# Exercise brief:
In the entries below, the lines from the one with "Men's Zipper Front Scrub Jacket" through the one with "15-fashion-items-inspirados-ultra-violet-destacada" are to be copied exactly; both ends count.

# Input records:
/---
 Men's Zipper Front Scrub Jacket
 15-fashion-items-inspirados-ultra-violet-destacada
\---
/---
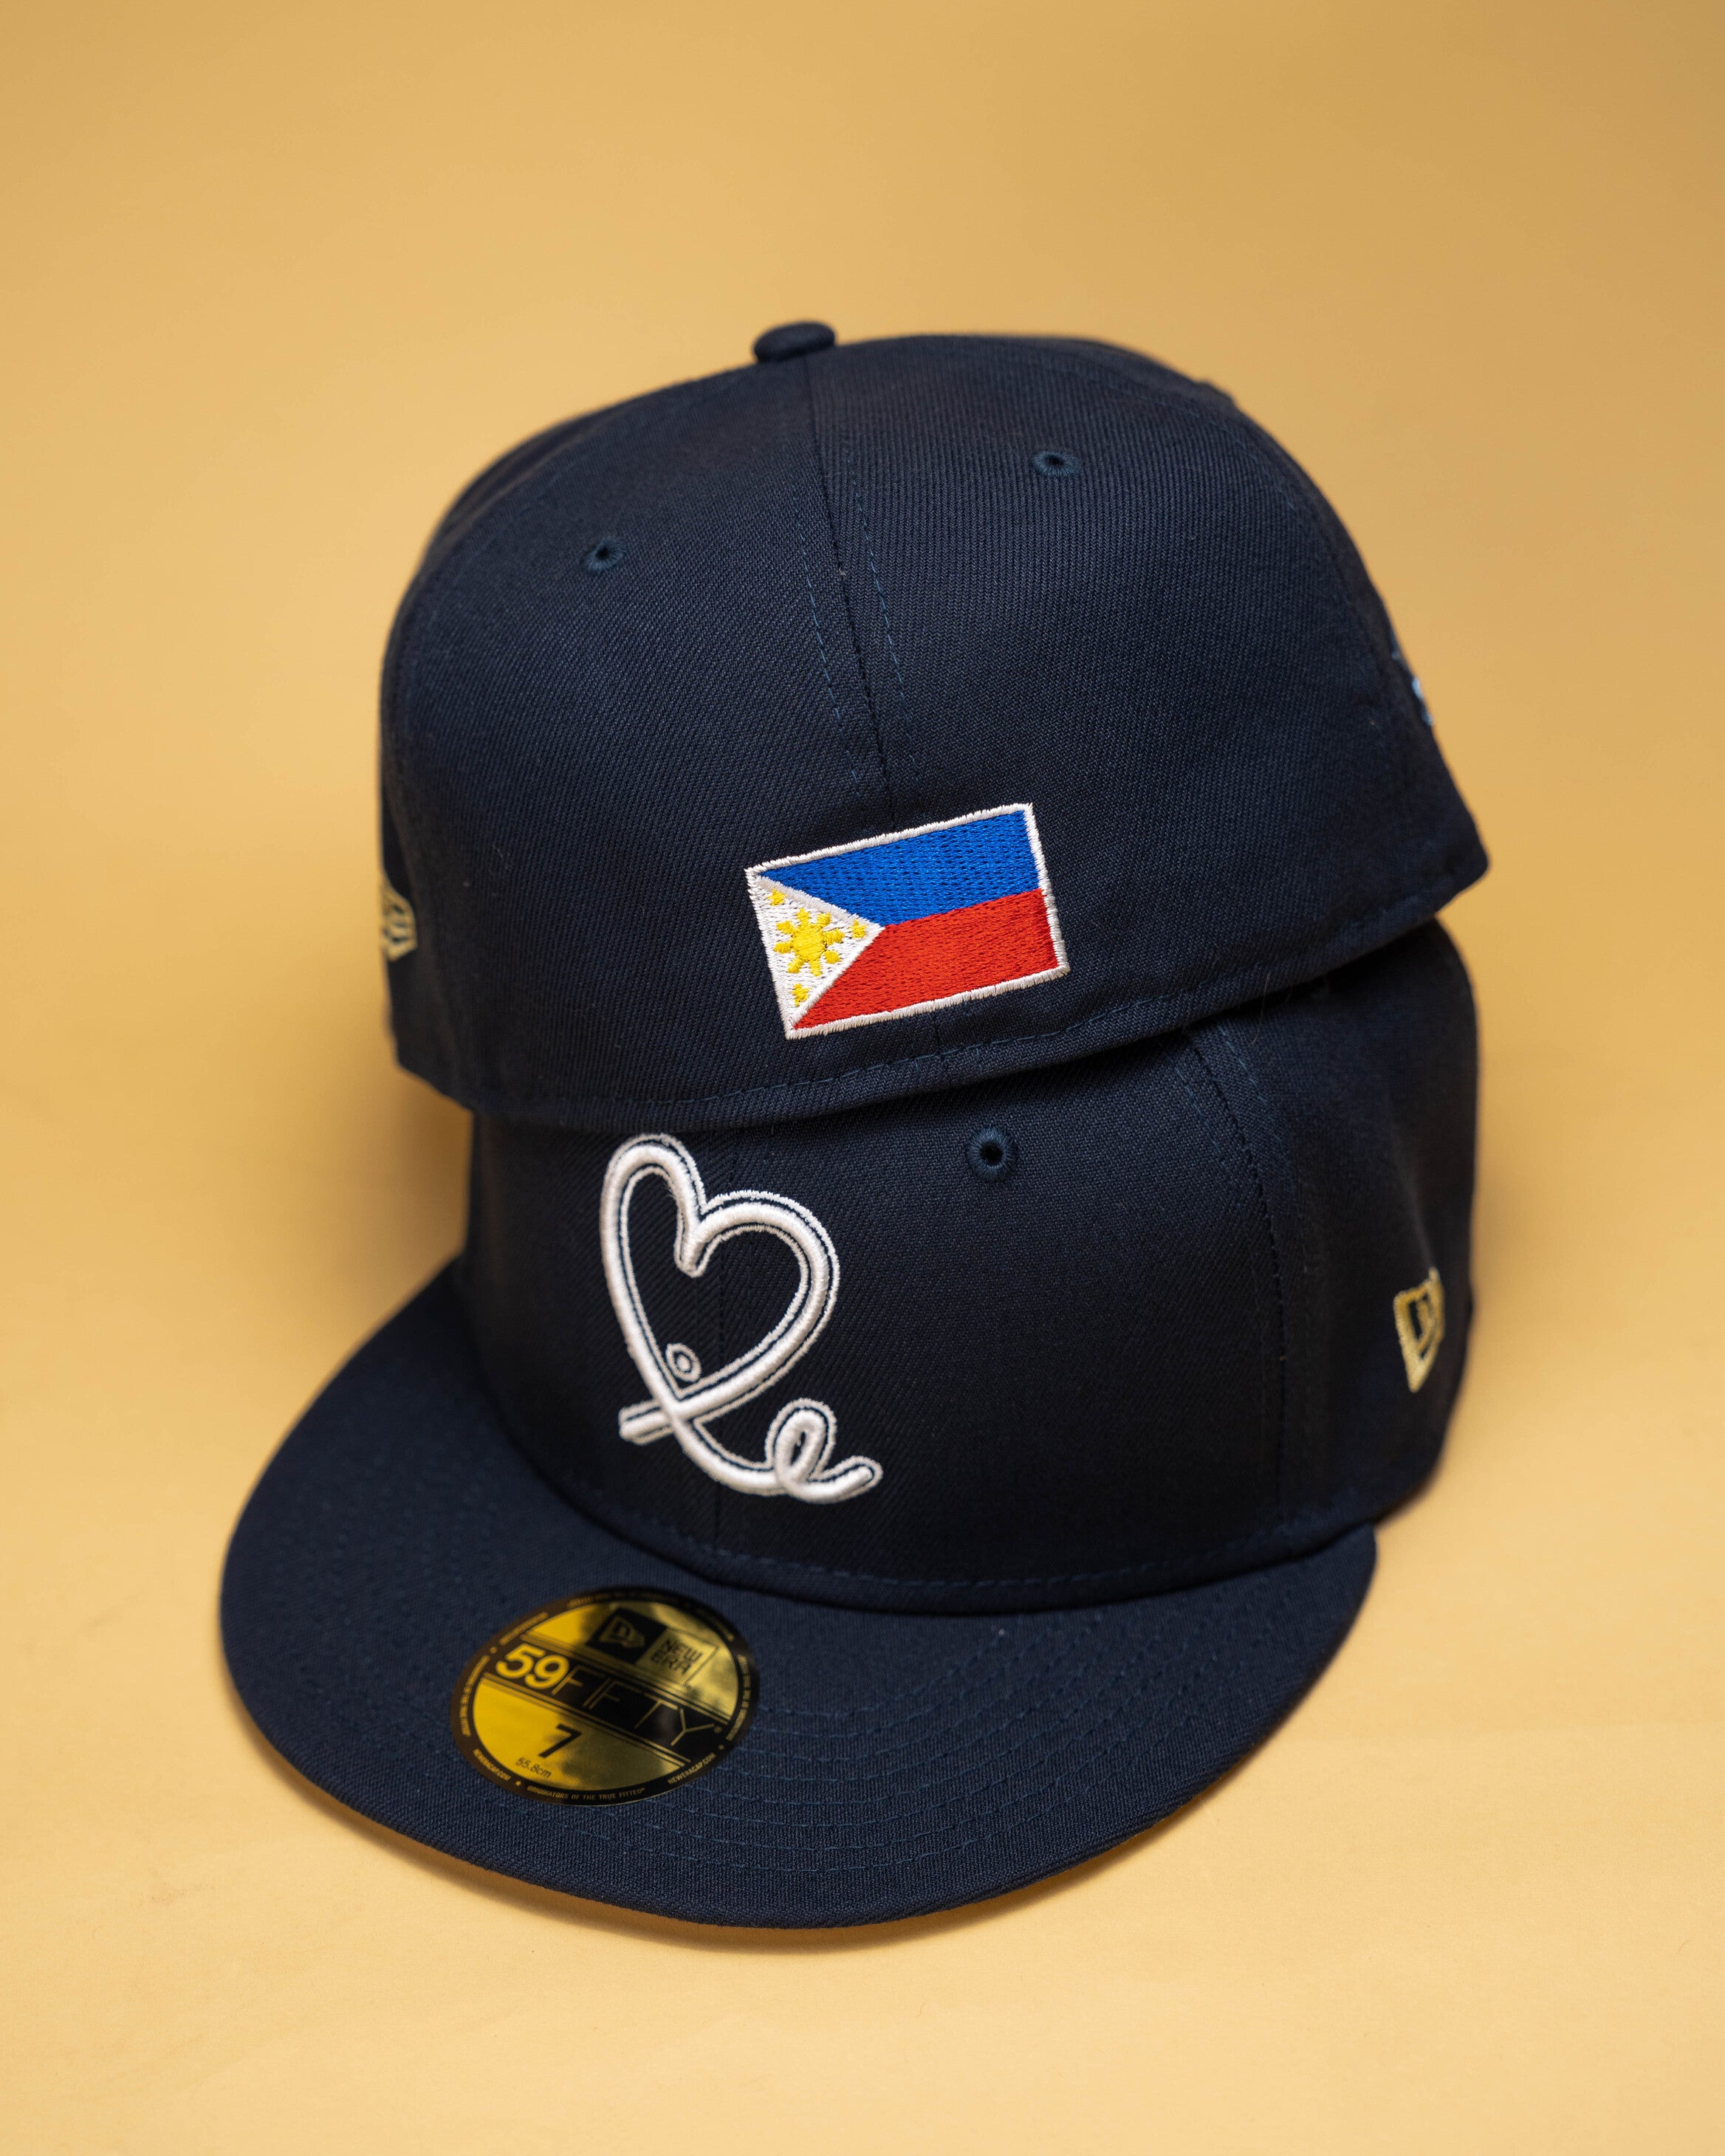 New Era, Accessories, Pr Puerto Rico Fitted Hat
\---
# Task output:
 Men's Zipper Front Scrub Jacket
 15-fashion-items-inspirados-ultra-violet-destacada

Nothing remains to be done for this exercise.